TASK INSTRUCTIONS ▸
Print exactly what appears from the line containing "RA, Rentekammeret inntil" through the final line of the data below, pictures excluded.
== STORED DATA ==
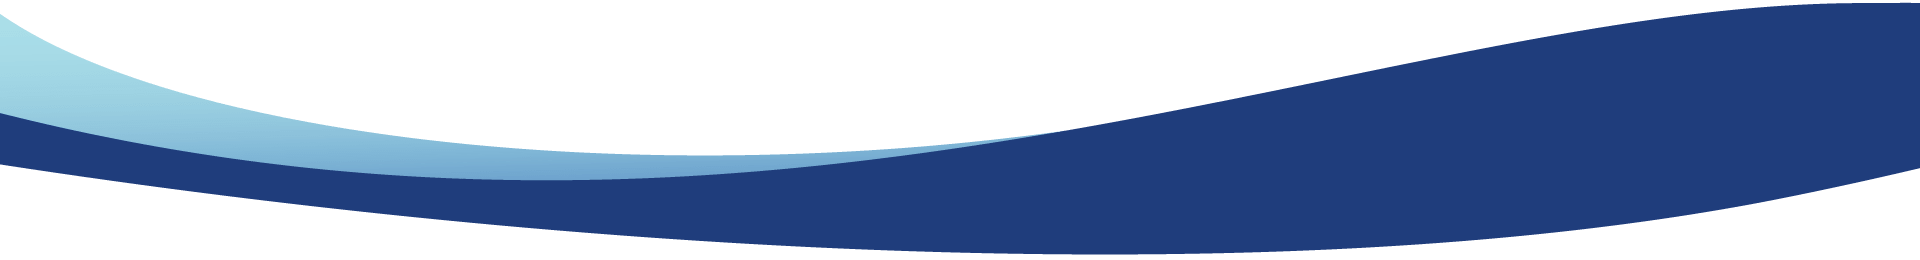 wave design 3
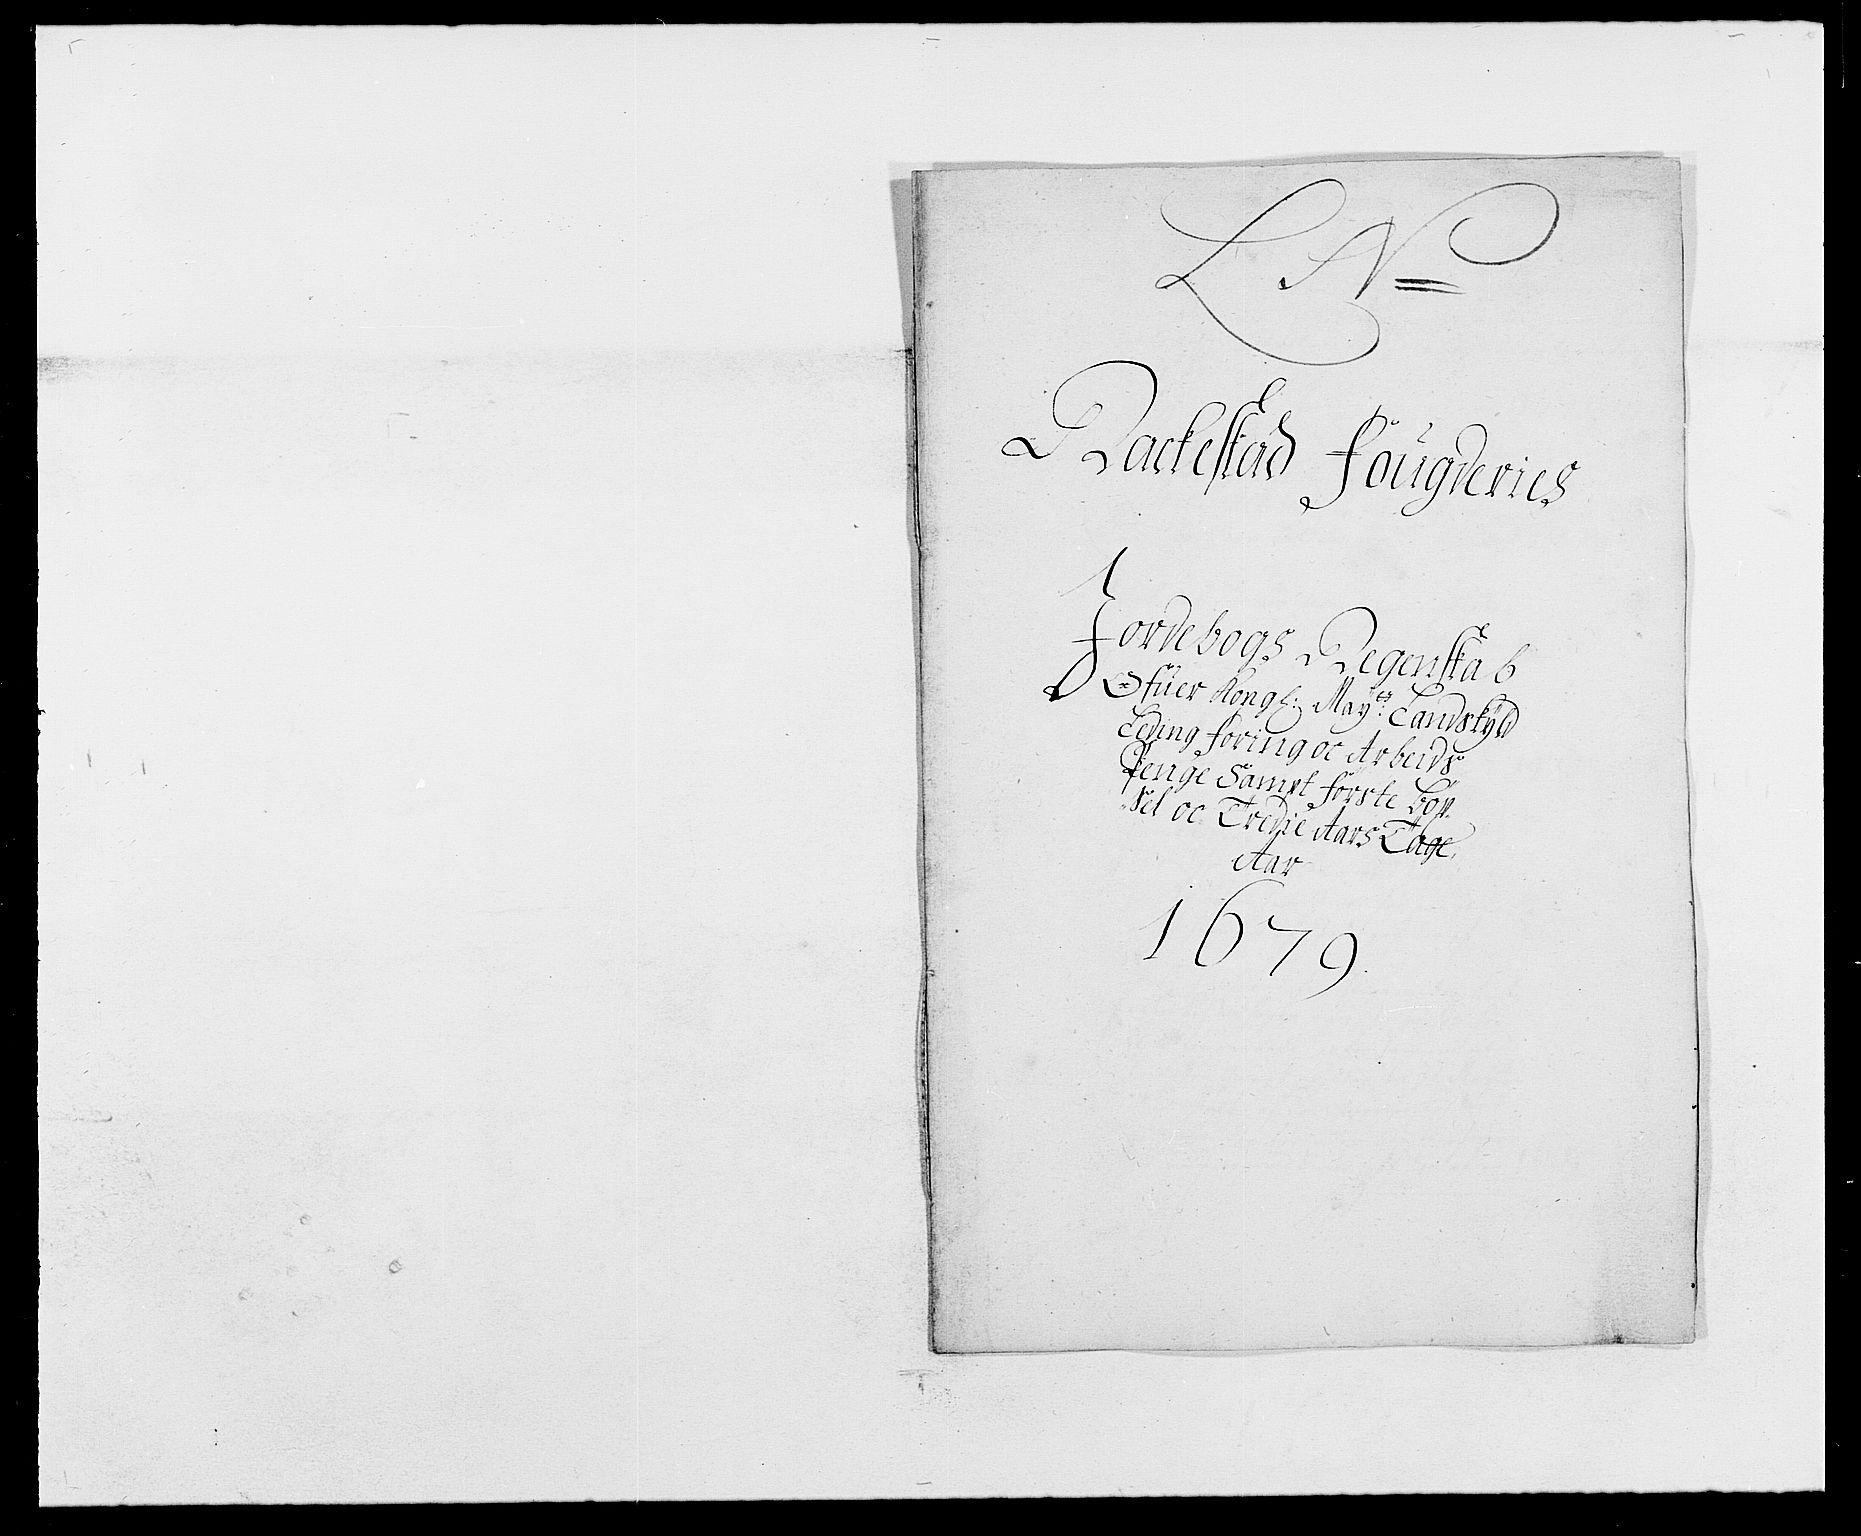 RA, Rentekammeret inntil 1814, Reviderte regnskaper, Fogderegnskap, R05/L0271: Fogderegnskap Rakkestad, 1678-1679, s. 249
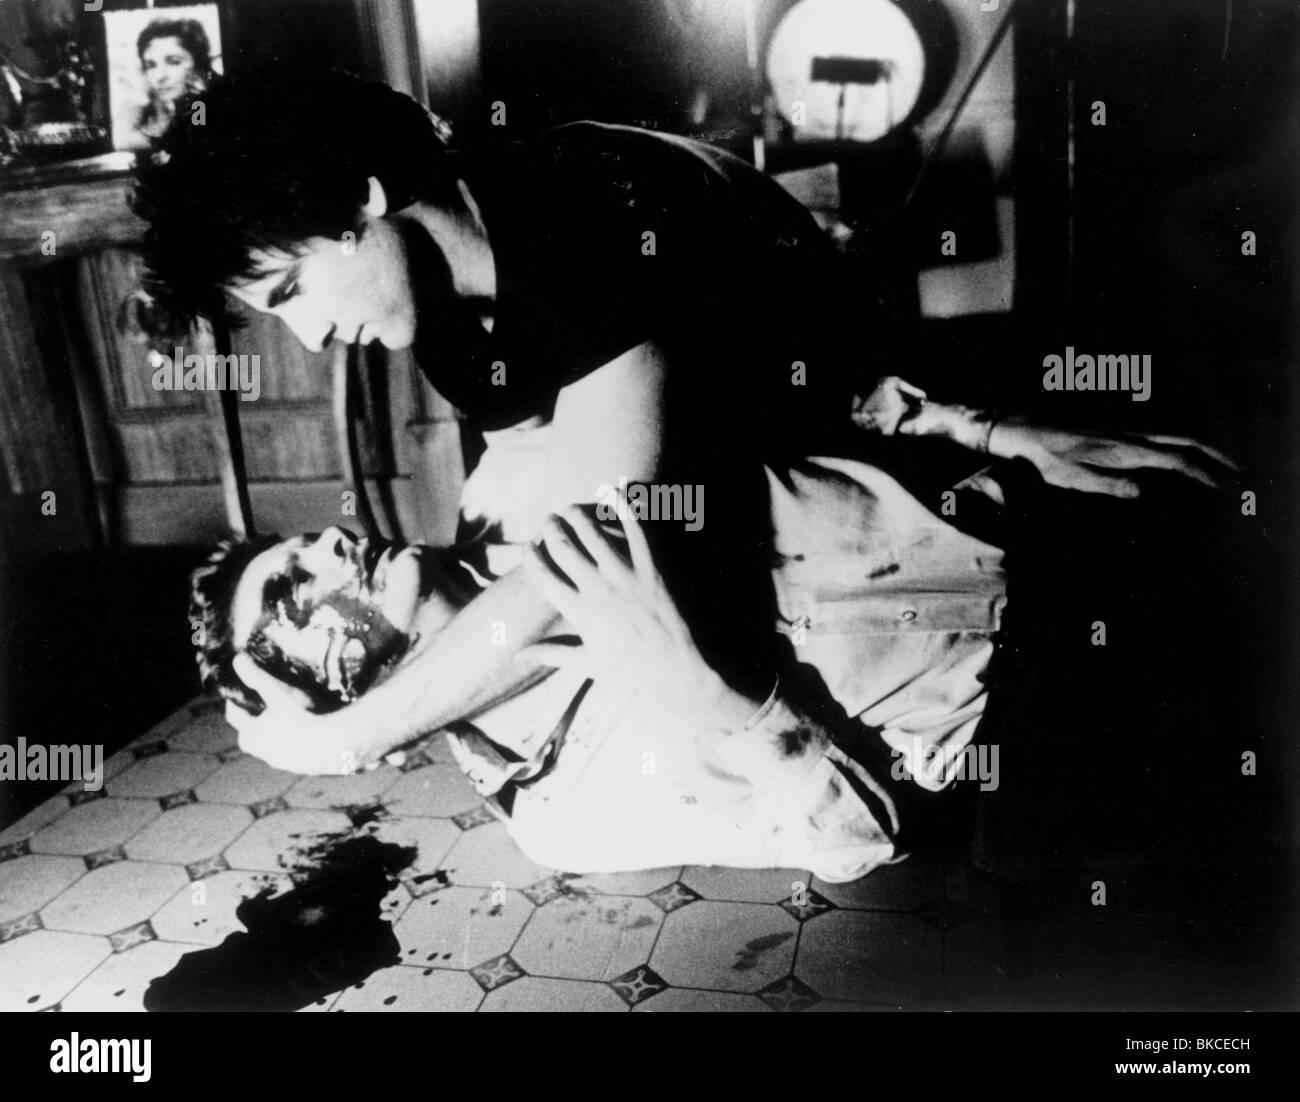 APARTMENT ZERO (1988) HART BOCHNER, COLIN FIRTH APZ 001P
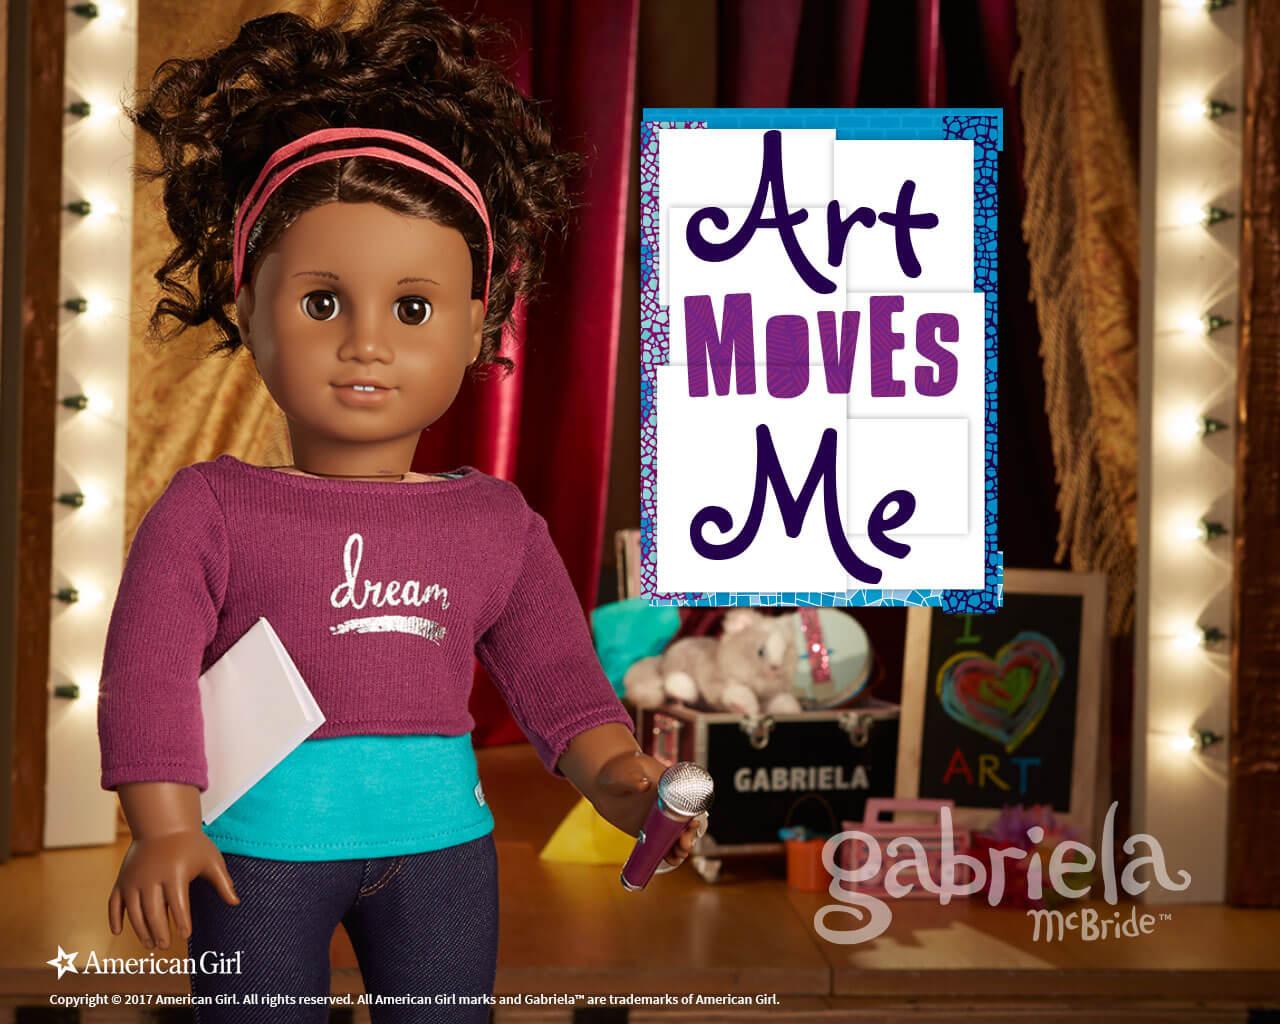 Gabriela McBride 2017 Girl of the Year Play American Girl 1280x1024
===
ANSWER SPACE ▸
 RA, Rentekammeret inntil 1814, Reviderte regnskaper, Fogderegnskap, R05/L0271: Fogderegnskap Rakkestad, 1678-1679, s. 249
 APARTMENT ZERO (1988) HART BOCHNER, COLIN FIRTH APZ 001P
 Gabriela McBride 2017 Girl of the Year Play American Girl 1280x1024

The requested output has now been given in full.